Dunque: "the tour operator" is the tour company that is organizing the trip and is ultimately responsible for the hotel bookings, all the guides, etc. The "tour guide" is the person who actually takes the folks around on the tour. I believe that if we are going to insist on a difference between "accompagnatore" and "giuida" then I would say that the former is the "tour rep" while the latter is the "tour guide".


Tristano


----------



## Zenof

Tristano said:


> Giusto.
> 
> Dunque: "the tour operator" is the tour company that is organizing the trip and is ultimately responsible for the hotel bookings, all the guides, etc. The "tour guide" is the person who actually takes the folks around on the tour.
> 
> Tristano


 
Sorry Tristano, perhaps I didn't understand perfectly.

We use the word Tour Operator meaning the company that organizes the tour, and then "l'accompagnatore turistico" is a Tour Operator's employee that comes with us on tour, and at last there's the "guida turistica", that takes us around for a couple of hours or a day only.
For example, during a tour in Italy visiting Venice, Florence and Rome, you'll have just a "accompagnatore turistico", but you may have several "guide turistiche", each in every city you visit. 

So, are you saying that you use the same word - tour operator - for both the company and the employee?

Thanks for your understanding


----------



## lingogal

Hi all,

As a teacher who has taken many student groups abroad from the U.S., I can tell you that we in fact can and do use the word "courier". In my experience, the courier is the person who works for the travel company as a sort of liaison, ensuring airport-to-city transportation, working with bus drivers, hotel personnel and restaurants for group meals. What the courier usually does NOT do is give guided tours, explaining culture and history and so on. That is often left to "tour guides" or to the teacher when site visits are made. Some companies do not provide a courier, but others have a clear separation between the courier, the person handling the logistics of travel, and the guides who provide on-site cultural, linguistic, historical information. 
Hope this helps.


----------



## Zenof

Really helpful.
Thanks Lingogal


----------



## london calling

Hello, lingogal!
Yes, I remember package holidays in the 70s with a so-called "travel courier" who at this stage I think was a courier and tour guide all rolled into one, because he did everything you just mentioned!

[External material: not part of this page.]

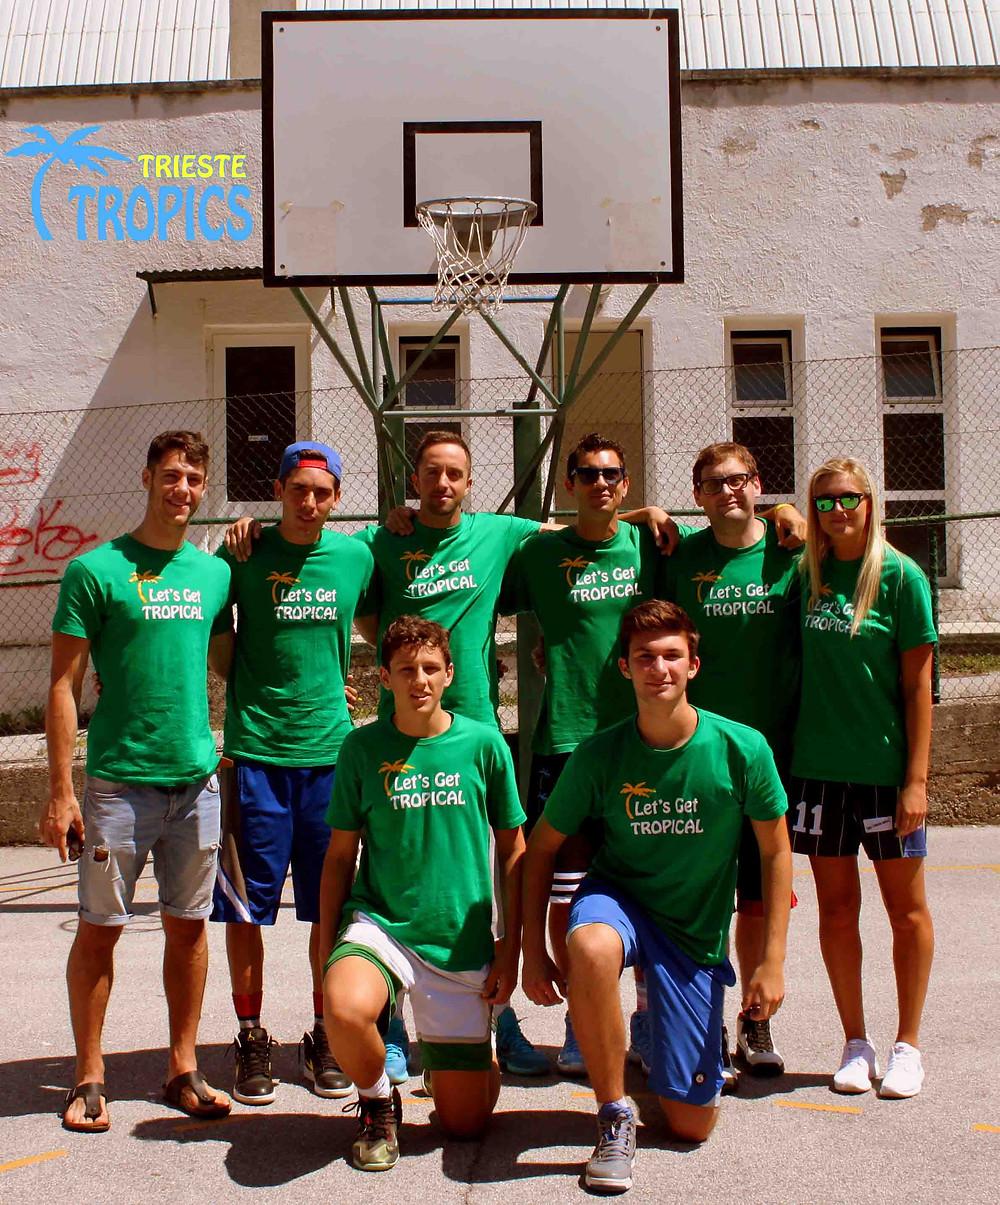 Istruttori Tropicali 2015

Maybe the Tour Operator couldn't afford to pay two salaries!


----------



## Tristano

Zenof said:


> Sorry Tristano, perhaps I didn't understand perfectly.
> 
> We use the word Tour Operator meaning the company that organizes the tour, and then "l'accompagnatore turistico" is a Tour Operator's employee that comes with us on tour, and at last there's the "guida turistica", that takes us around for a couple of hours or a day only.
> For example, during a tour in Italy visiting Venice, Florence and Rome, you'll have just a "accompagnatore turistico", but you may have several "guide turistiche", each in every city you visit.
> 
> So, are you saying that you use the same word - tour operator - for both the company and the employee?
> 
> Thanks for your understanding



I had added to my comment:

 I believe that if we are going to insist on a difference between "accompagnatore" and "giuida" then I would say that the former is the "tour rep" while the latter is the "tour guide".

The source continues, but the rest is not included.